Running a 122B MoE model on a laptop APU

We spent a month pushing llama.cpp to its limits on AMD's Strix Halo platform. This site documents every build, every regression, and the upstream contributions that came from it.

406Peak prefill t/s

40.1Peak decode t/s

+64%Best chat speedup

131KMax context

The optimization stack

What we learned

Vulkan wins on memory mapping. vkAllocateMemory with HOST_VISIBLE_BIT correctly maps the full 120 GiB GTT. ROCm's hipMalloc is stuck in BIOS VRAM unless you explicitly enable unified memory.
ROCm wins on batched compute. PR #21344 unlocked +35% prefill speed on gfx1151.
Spec decode stacks orthogonally. ROCm's single-token decode is slower, but its batched verify is so fast that speculative decoding flips the result. ROCm + spec became our fastest overall config.
Decode doesn't degrade with context. At 512 tokens or 131,072 tokens, decode speed is basically identical. Only prefill gets expensive.
MUL_MAT_ID is the hidden villain. For large MoE models, the routed expert path eats 42-66% of prefill time on Vulkan. We filed issue #21948 with full profiling data.

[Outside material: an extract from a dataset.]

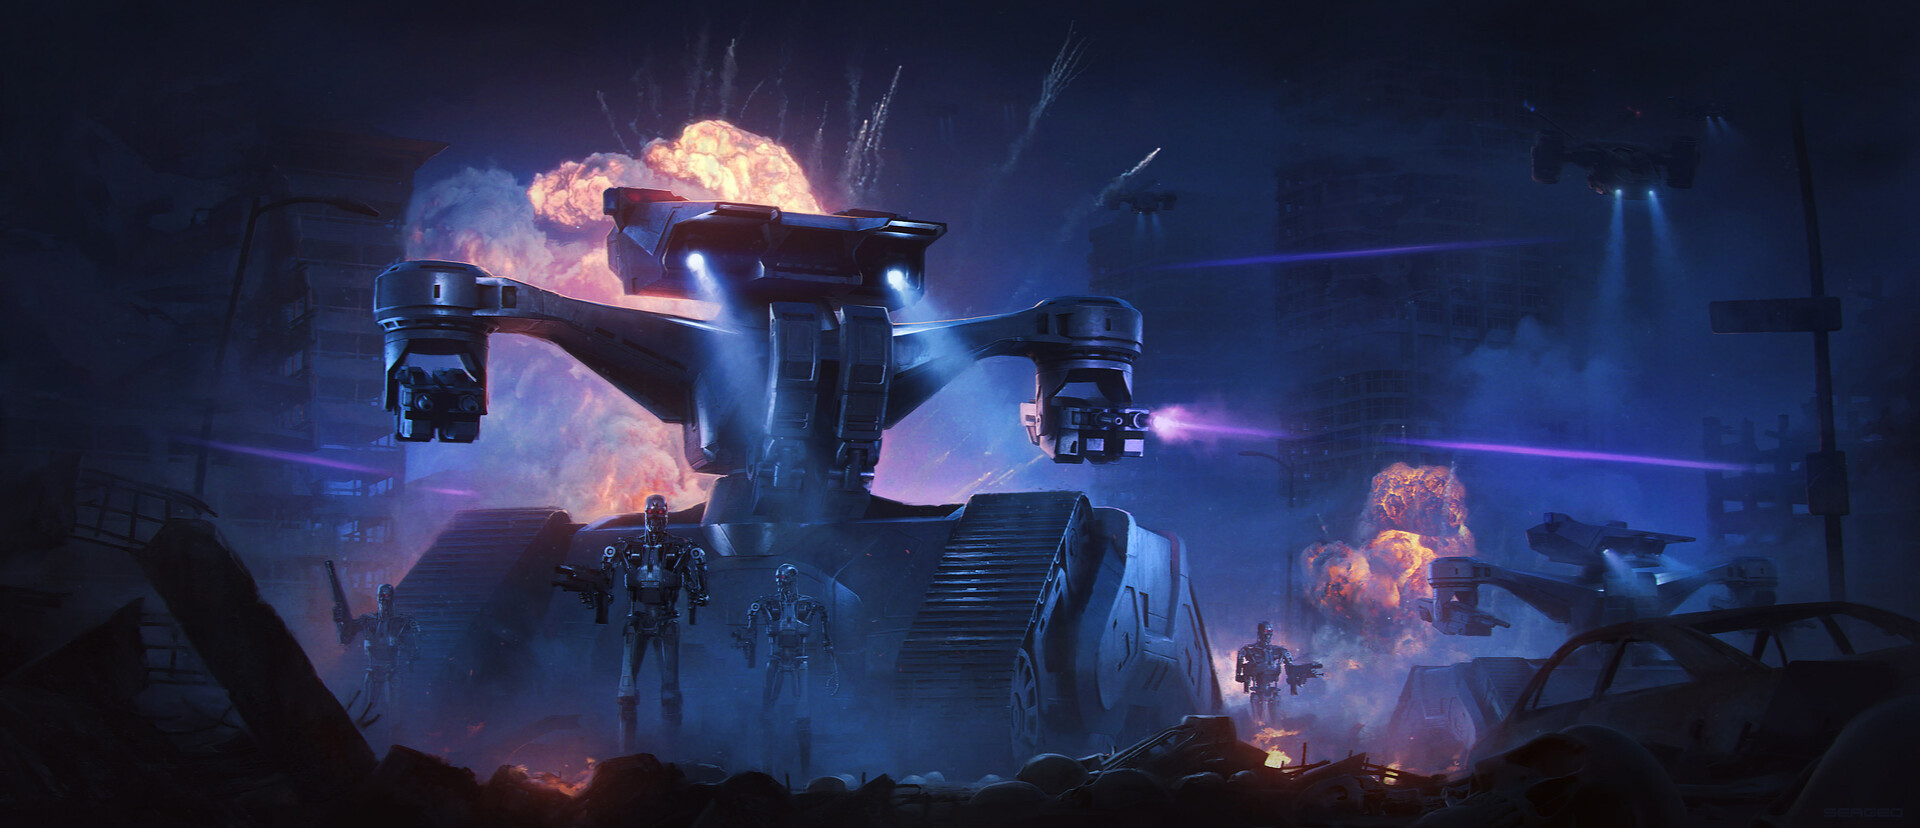 Sci Fi Terminator Art by Sergey Orlyansky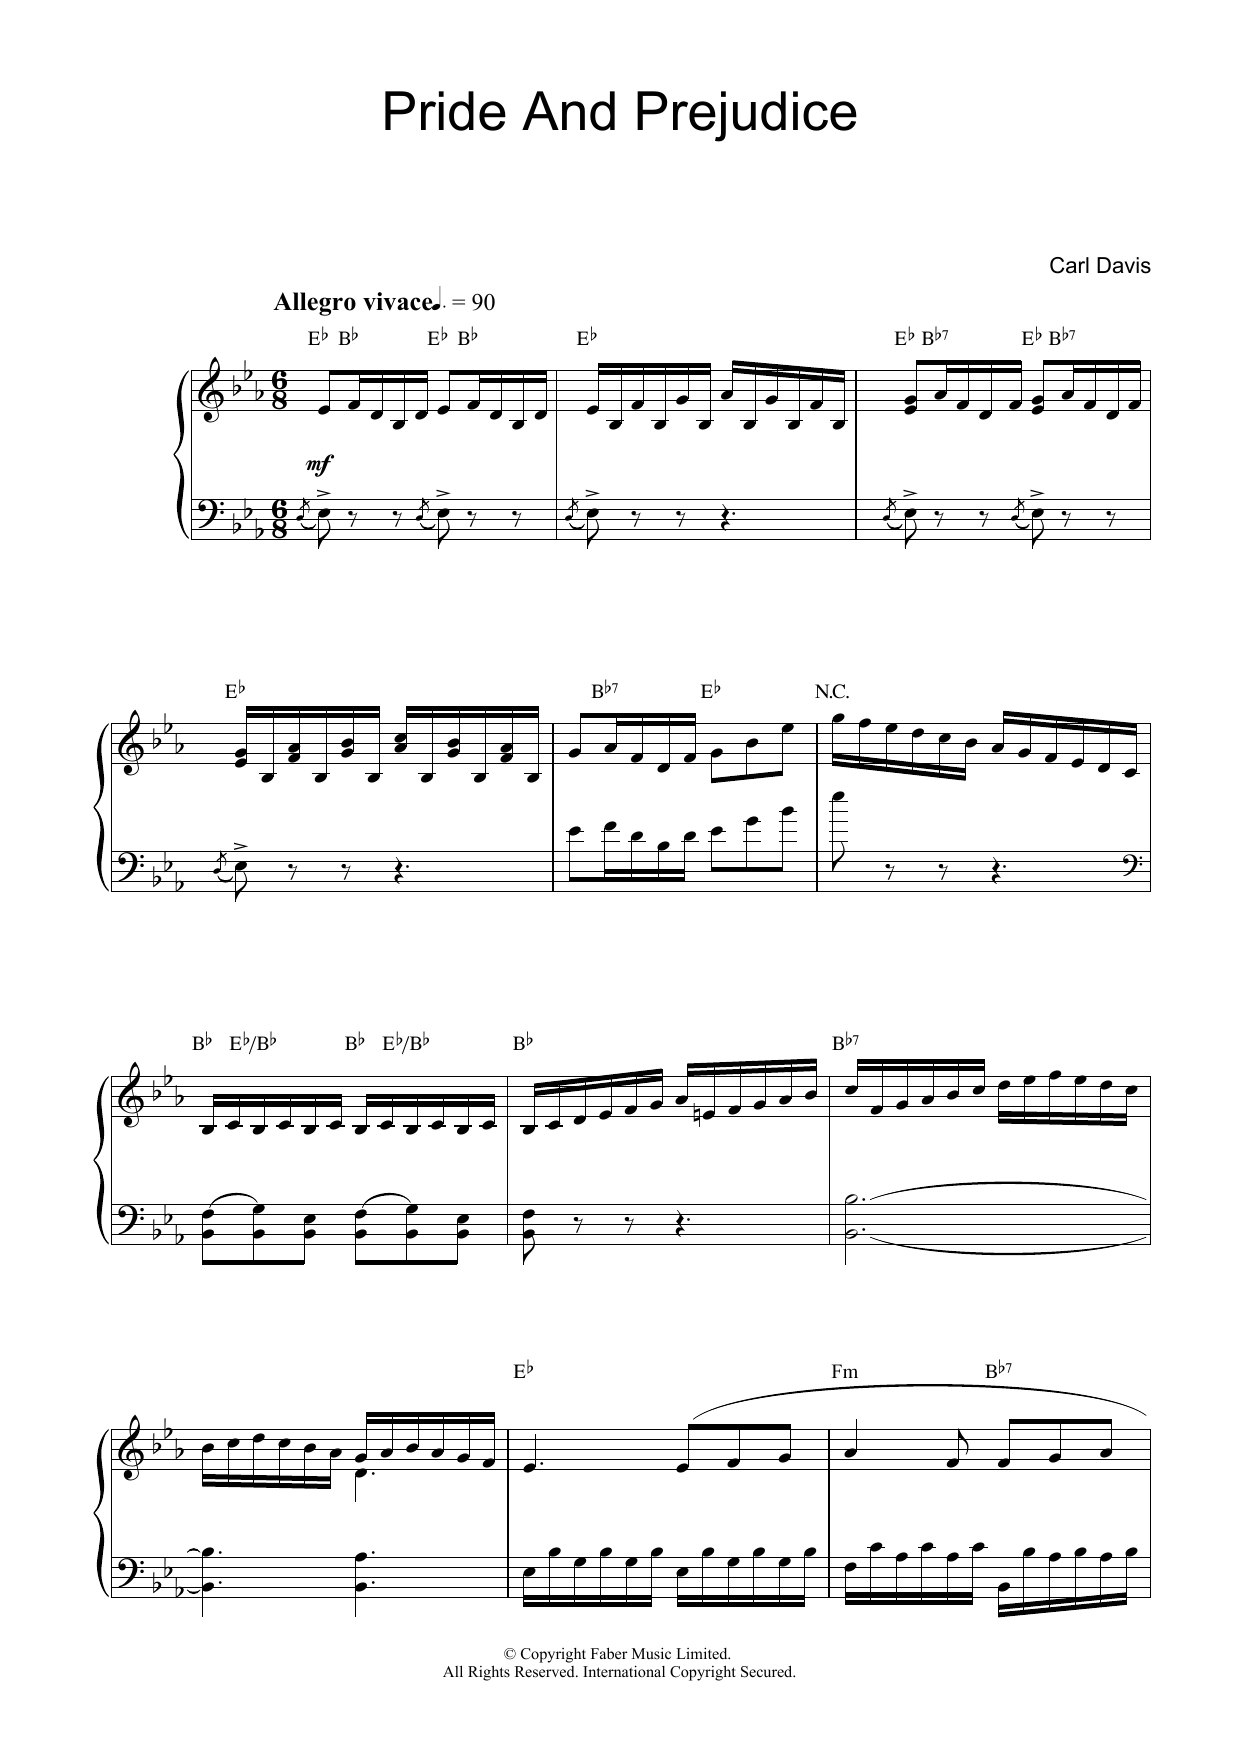 Carl Davis Pride And Prejudice Sheet Music Notes & Chords for Alto Saxophone - Download or Print PDF

Four configurations compared

Config	Backend	Patches	pp512	tg128	Best for
Vulkan stock	Vulkan	none	303	24.7	Minimum latency
Vulkan + spec	Vulkan	PR #20075 + 4 fixes	302	35.3	Fast decode, easy deploy
ROCm + MMQ	ROCm 7.2.1	PR #21344	406	18.2	Long prefill, RAG
ROCm full stack	ROCm 7.2.1	#21344 + #20075	404	40.1	Overall chat throughput

Upstream contributions

PR #21344 — Posted gfx1151 validation numbers confirming +19-35% prefill improvement.
Issue #21948 — Filed Vulkan MUL_MAT_ID bottleneck with GGML_VK_PERF_LOGGER=1 profiling.
PR #20075 — Documented four bug fixes needed for spec decode on hybrid SSM/MoE models outside of Metal.

Every build we tested

Not just the winners. The crashes, regressions, and abandoned attempts are here too.

Complete build history

Build	Backend	pp512	pp8K+tg	pp32K+tg	pp128K+tg	tg128	Notes
Vulkan b8779 stock	Vulkan	268.89	249.65	234.94	145.03	23.52	Baseline
Vulkan spec build	Vulkan	302.10	—	—	—	24.56	PR #20075 + fixes
ROCm stock (toolbox)	ROCm	262.18	228.66	—	144.44	20.83	Graph splits from VRAM limit
ROCm + PR #21344	ROCm	354.57	302.44	291.03	171.66	21.00	Best pure prefill
ROCm stacked	ROCm	229.70	—	—	—	17.96	Regressed vs patched-only
ROCm full stack	ROCm	405.99	—	—	—	18.29	PR #21344 + #20075 + fixes
REAP-20 Q4_K_M baseline	Vulkan	443	—	—	—	29.1	Overnight baseline (smaller model)
REAP-40 Q4_K_M	Vulkan	352	349	291	145	29.5	Recommended smaller model

The "ROCm stacked" build combined PR #21344 with -ffast-math and hipBLASLt. We expected additive gains. Instead, prefill dropped from 354 to 230 t/s. Not every optimization stacks cleanly.

What broke along the way

Attempt	What went wrong	Lesson
Q8_0 full benchmarks	105 GB model exceeded 120 GiB GTT and was OOM-killed repeatedly	Stick to Q6_K (76 GB) or Q4_K_M (57 GB)
ROCm Q6_K without UMA env var	Pathologically slow (>1 hr) due to 94 graph splits from BIOS VRAM limit	`GGML_CUDA_ENABLE_UNIFIED_MEMORY=1` is mandatory on Strix Halo
ROCm with lhl's FATTN patches	Patch conflicts with current master; wouldn't apply cleanly	Needs rebase on matching llama.cpp version
Stacked build with `-ffast-math` + hipBLASLt	pp512 dropped from 354 to 230 t/s vs patched-only	Test optimizations in isolation
Q6_K on stock Vulkan before kernel fix	Infinite loading hang (>20 min) for any model >64 GB	`amd_iommu=off` is required

Real workload timing

Server-mode tests with actual prompts. 256-token generation, no_think mode, temp=0.3.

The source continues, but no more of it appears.